The fermentation process that turns must into wine is traditionally monitored manually by enologists,
with little aid from automation tools so far. This supervision requires the enologist to follow a daily routine
consisting of must sampling and subsequent analysis at least twice a day during the whole fermentation span
and for every single fermentation tank, which is awkward and time-consuming, especially in regions like La
Mancha (Spain), where production takes place at a massive scale.
In order to contribute to the automation of both the fermentation and the maceration supervision, an
optoelectronic system has been developed. It was devised to record both the refractive index n and the
chromatic characteristics of the fermenting must. The former, closely related to the fermentation kinetics, is
obtained through measurements of a laser beam displacement; whereas the latter, which is essential for the
maceration, relies on absorbance measurements in the visible spectrum.

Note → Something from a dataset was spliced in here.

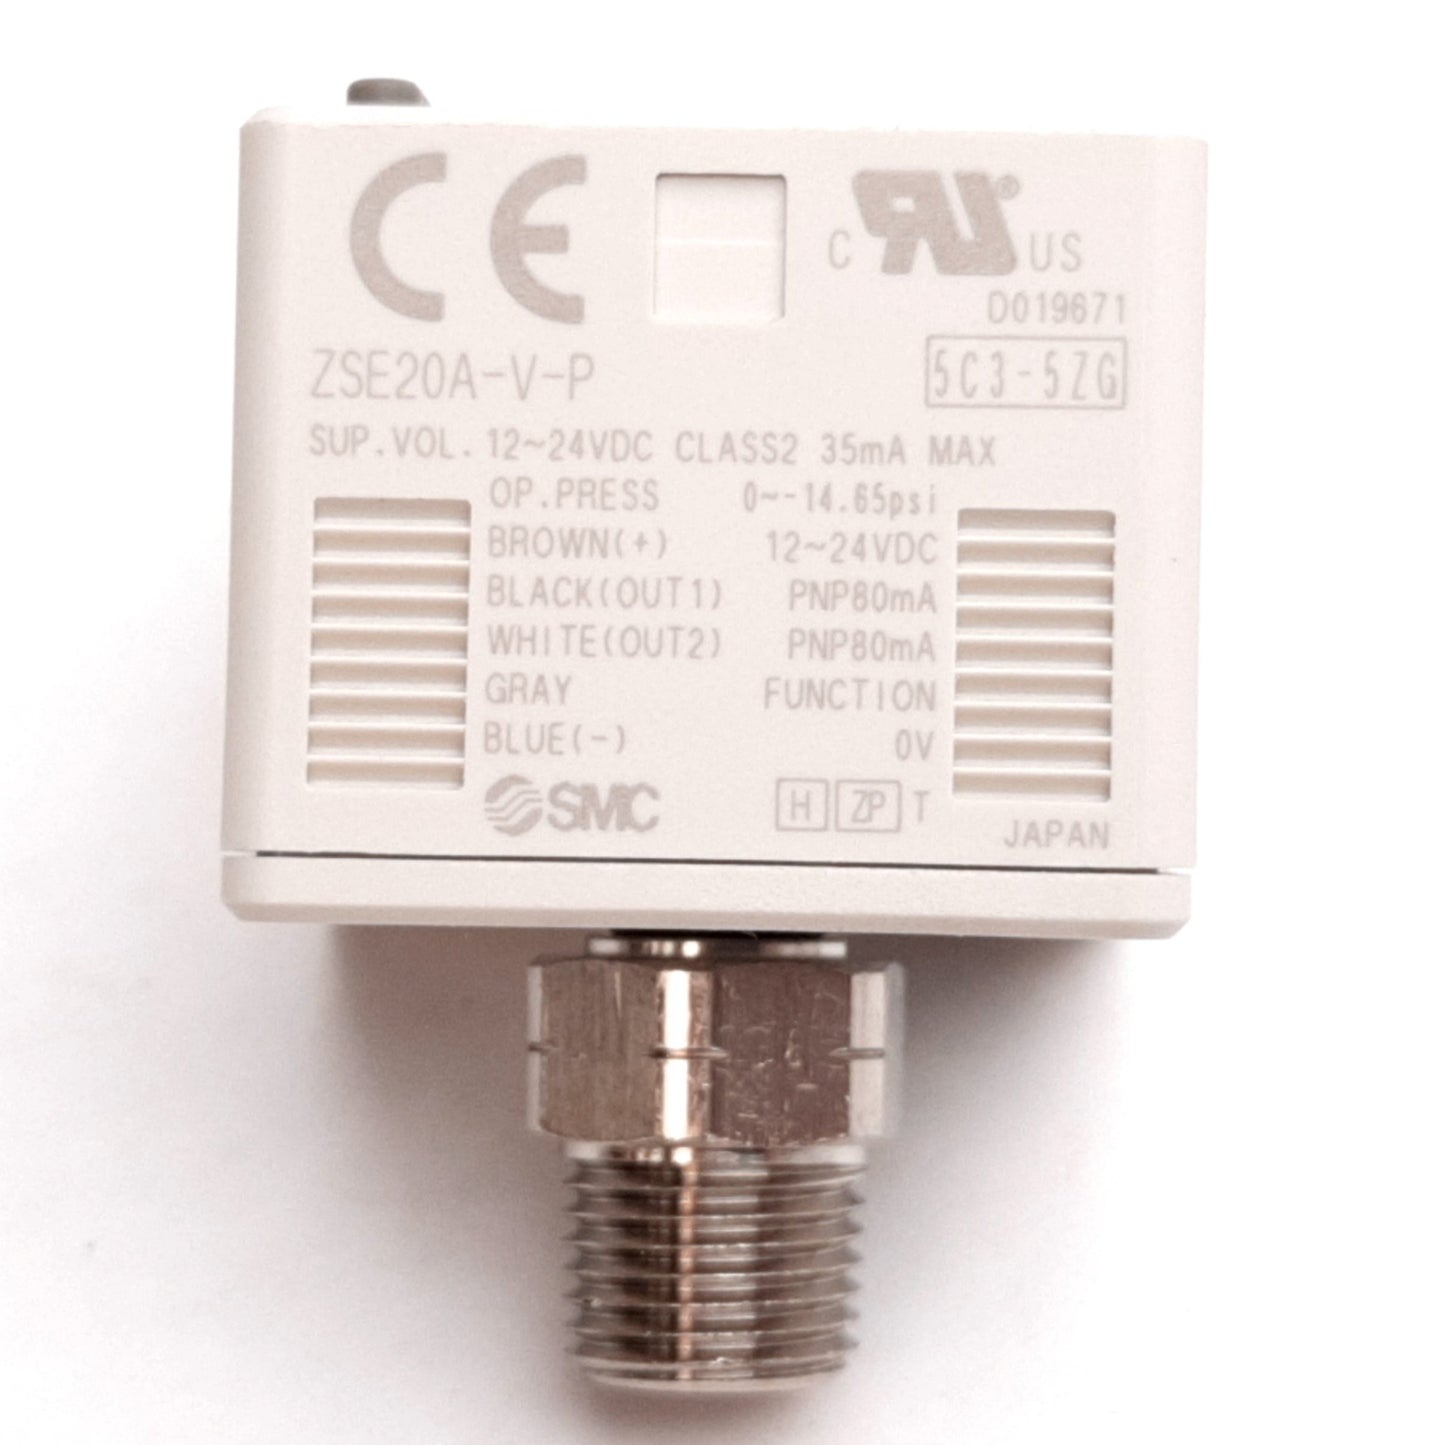 New SMC ZSE20A-V-P-N01-JA1K Vacuum Digital Pressure Switch, 0 to -14.65psi, 1/8" NPT

Additionally, the system measures the
temperature, necessary to reference the data to 20°C. It comprises a frame that holds a laser diode, a PSD
(position sensitive detector), three LEDs, six photodiodes and a temperature sensor, plus some conditioning
electronics and a data acquisition board.
Several fermentations have been monitored off-line with the reported system, reaching a resolution of
0.00046 RIU (refractive index unit). Data show a slight increase in n during the last stage of the fermentation,
which does not have a match in the density measurements and could therefore be used as an alert to
automatically detect the fermentation end.